+++ Data supplied

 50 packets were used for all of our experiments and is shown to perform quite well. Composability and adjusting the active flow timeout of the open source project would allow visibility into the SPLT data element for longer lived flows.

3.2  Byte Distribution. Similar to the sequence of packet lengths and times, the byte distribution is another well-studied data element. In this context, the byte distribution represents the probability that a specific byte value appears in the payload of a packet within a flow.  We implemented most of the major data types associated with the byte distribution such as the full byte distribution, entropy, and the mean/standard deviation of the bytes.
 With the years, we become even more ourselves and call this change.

++++++
+++ Data supplied

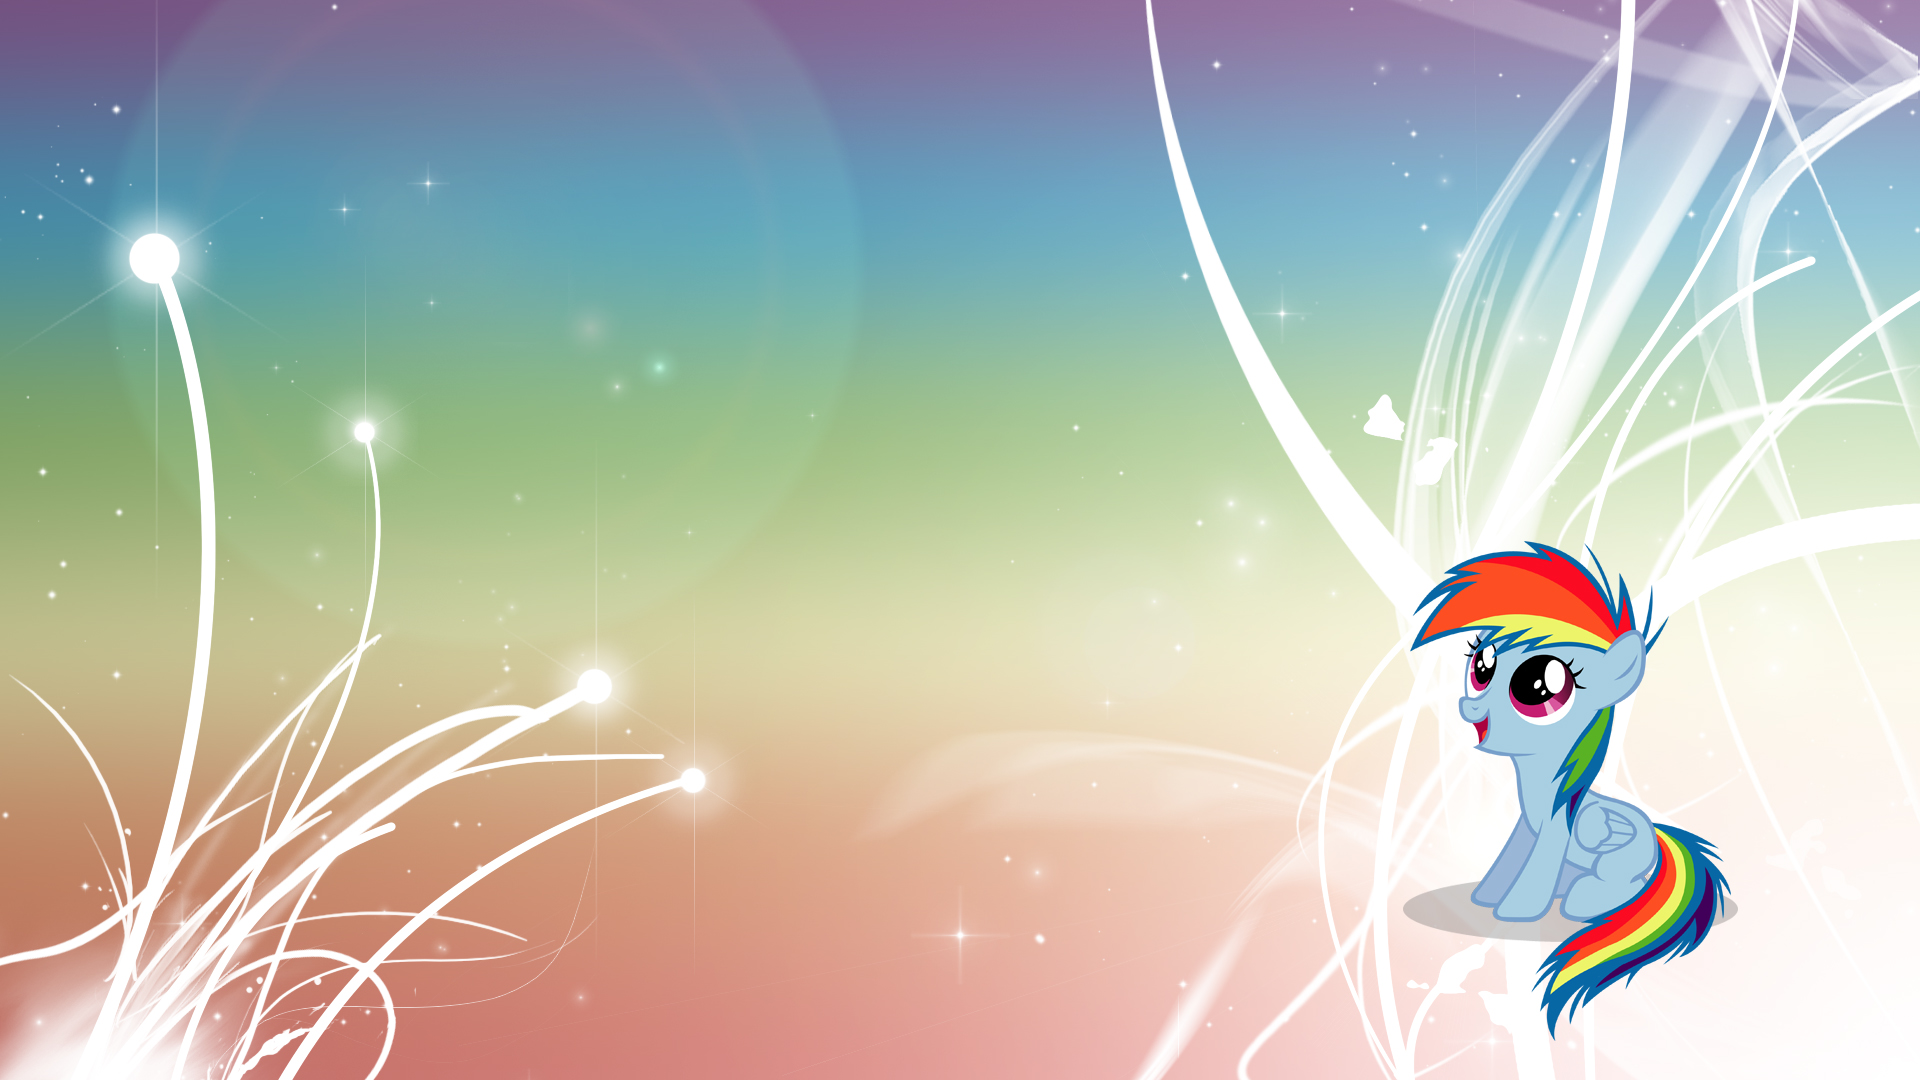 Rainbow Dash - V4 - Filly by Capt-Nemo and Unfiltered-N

++++++

Directions: From the records above, transcribe exactly the run of lines that opens with the line holding "of the bytes." and closes with the line holding "With the years, we", both included.

Result for this task:
3.2  Byte Distribution. Similar to the sequence of packet lengths and times, the byte distribution is another well-studied data element. In this context, the byte distribution represents the probability that a specific byte value appears in the payload of a packet within a flow.  We implemented most of the major data types associated with the byte distribution such as the full byte distribution, entropy, and the mean/standard deviation of the bytes.
 With the years, we become even more ourselves and call this change.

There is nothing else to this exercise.